►

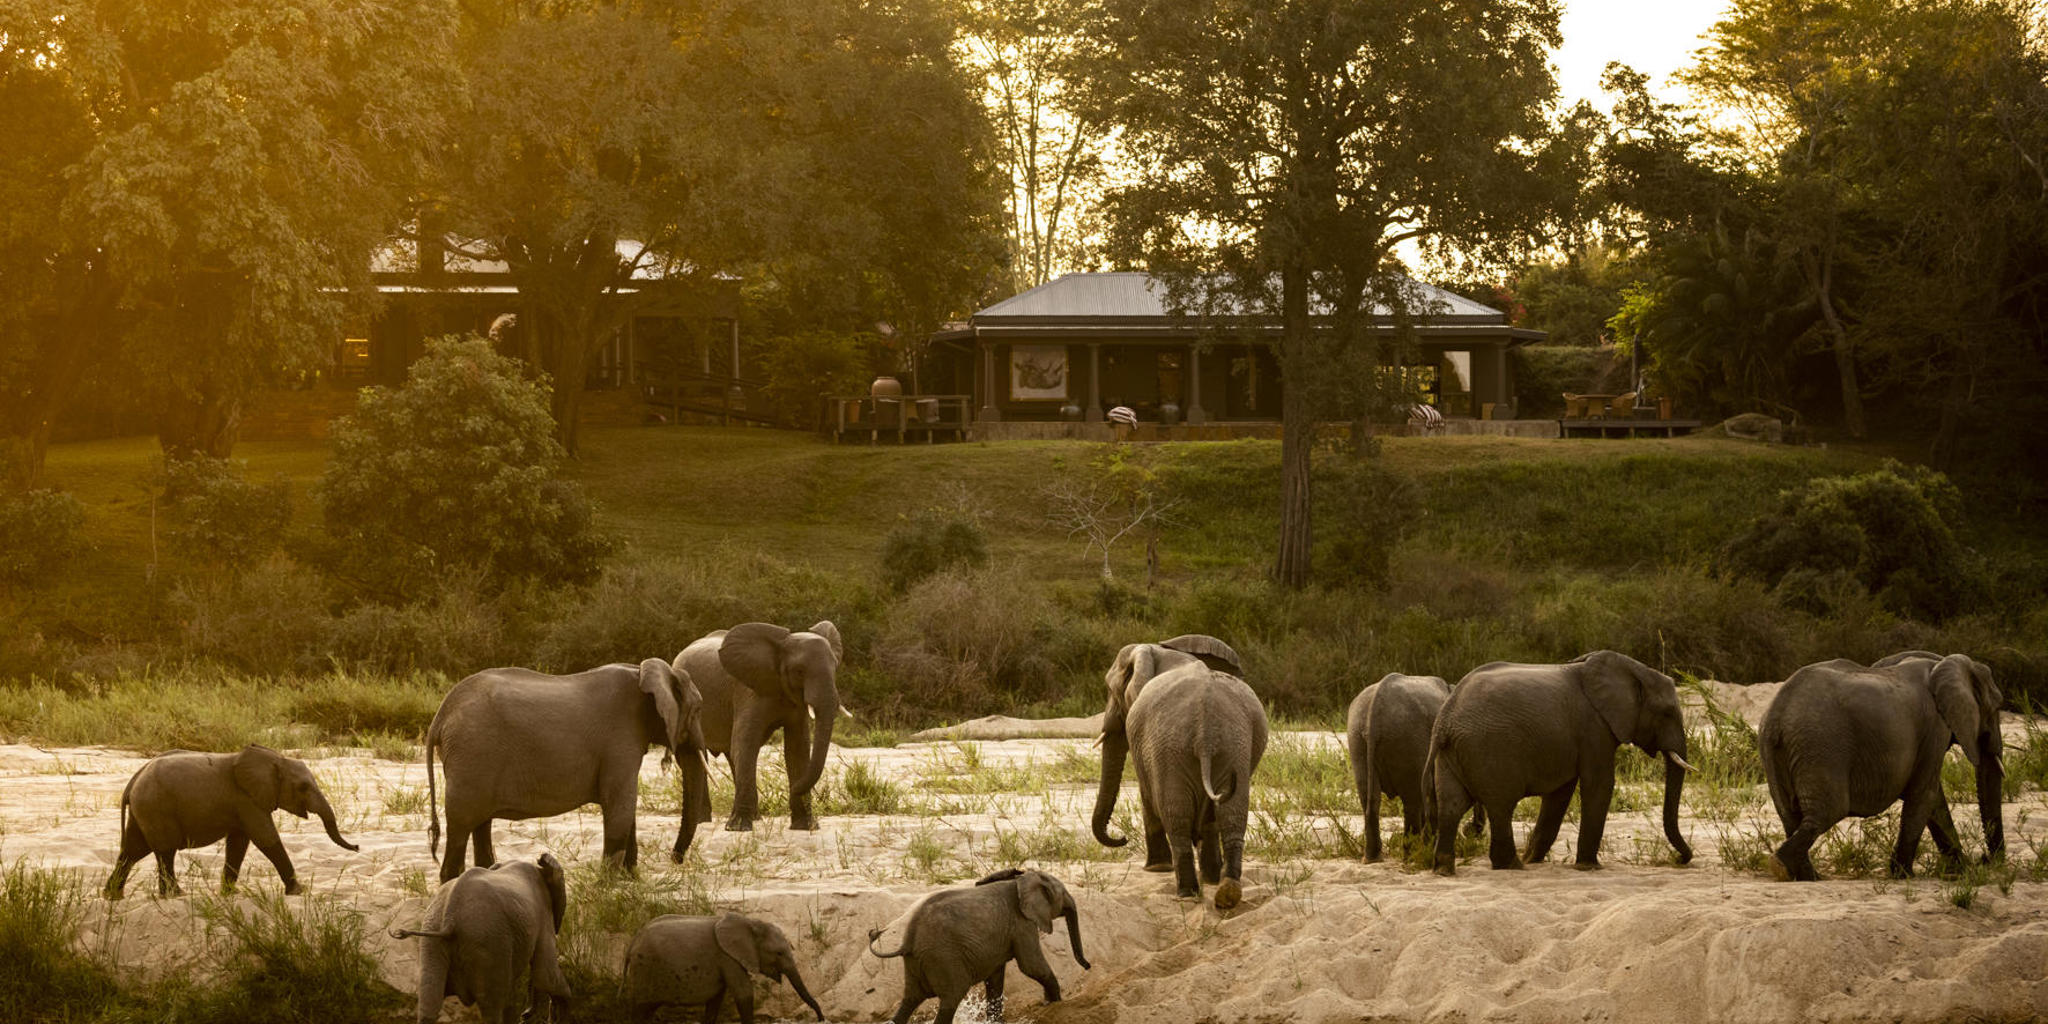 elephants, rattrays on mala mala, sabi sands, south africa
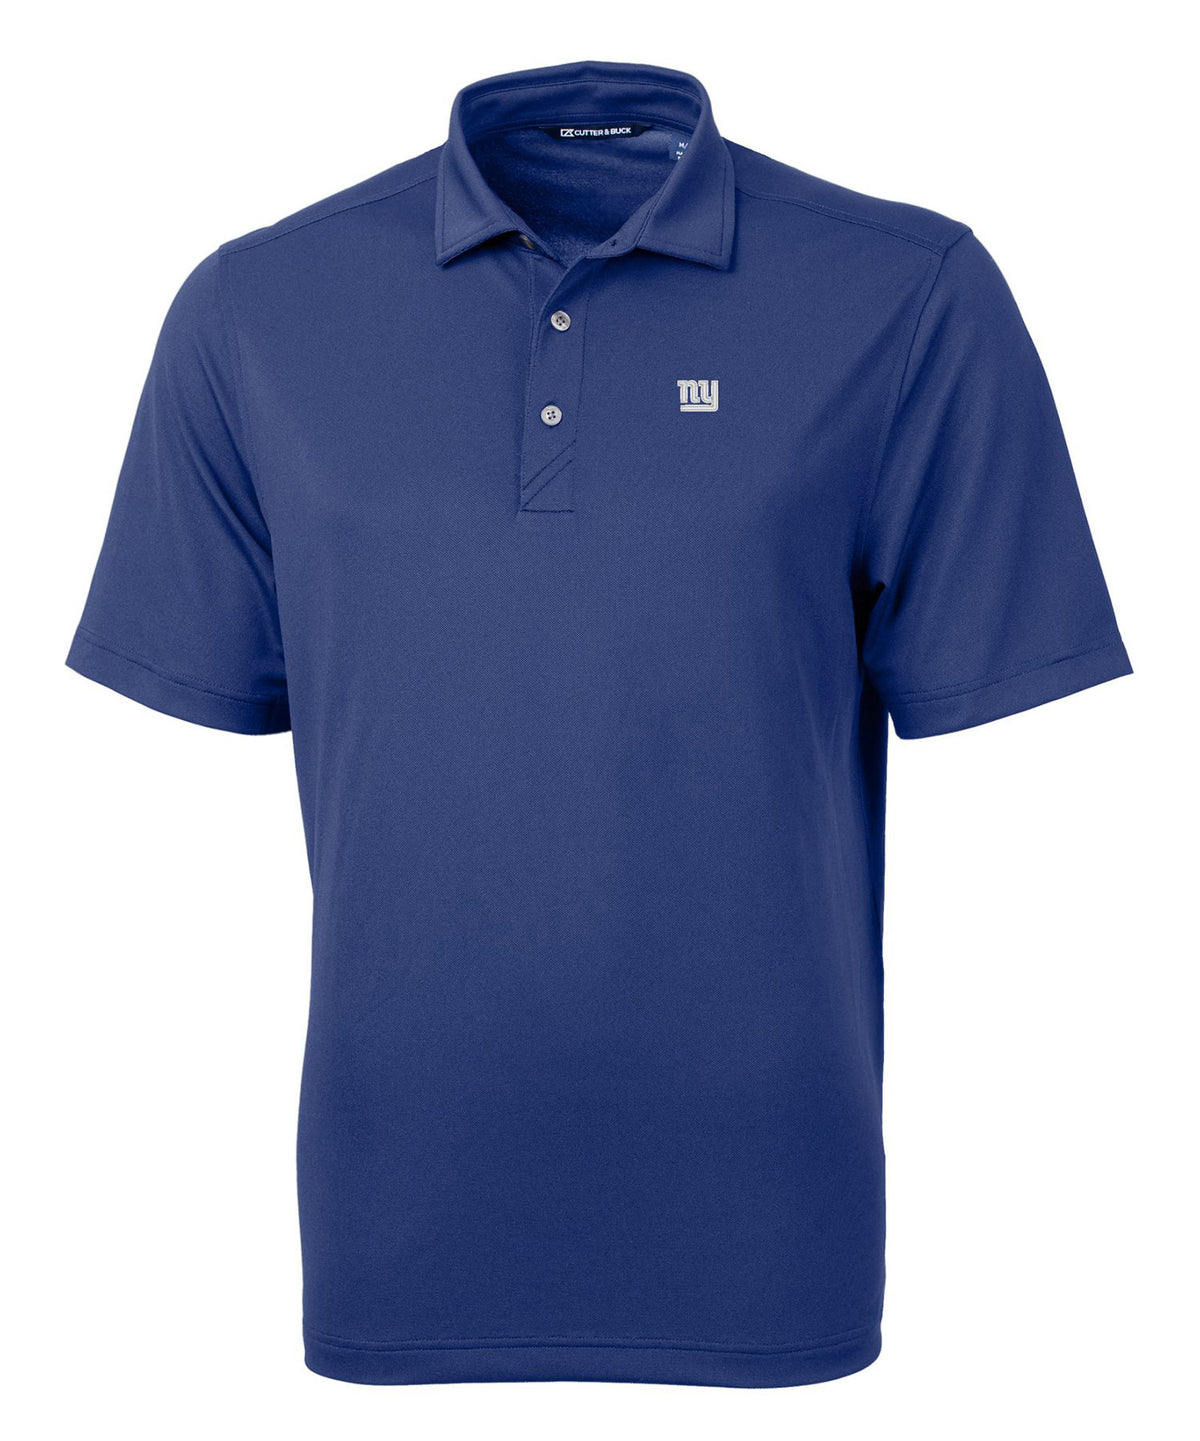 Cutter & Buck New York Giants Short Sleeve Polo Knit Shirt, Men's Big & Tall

◄
►

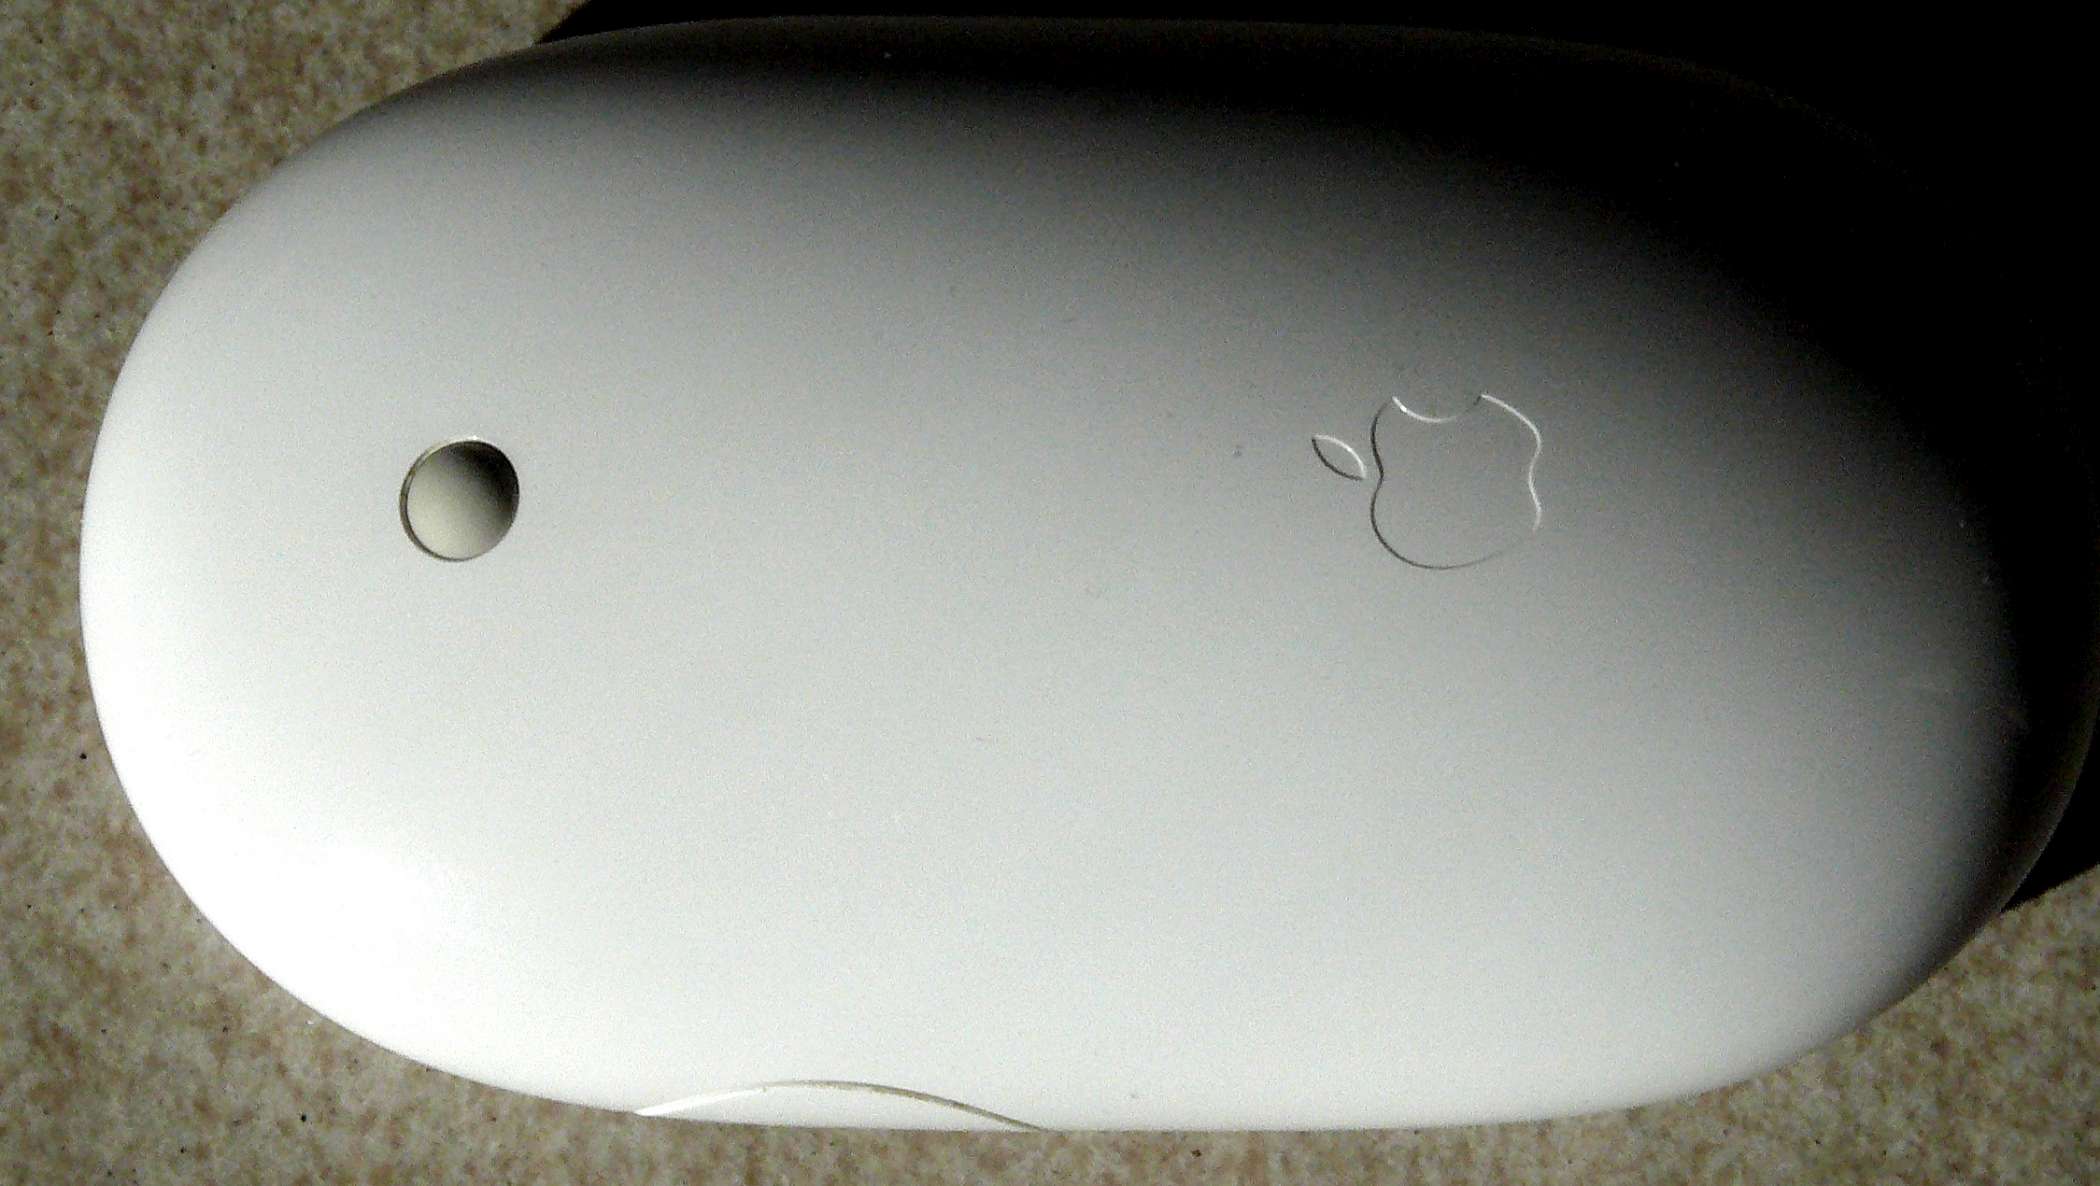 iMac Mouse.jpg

◄

## Required action
Would you please reproduce the entries above, starting at the line with "elephants, rattrays on" and stopping after the line with "Cutter & Buck"? Omit any pictures.

## Output
 elephants, rattrays on mala mala, sabi sands, south africa
 Cutter & Buck New York Giants Short Sleeve Polo Knit Shirt, Men's Big & Tall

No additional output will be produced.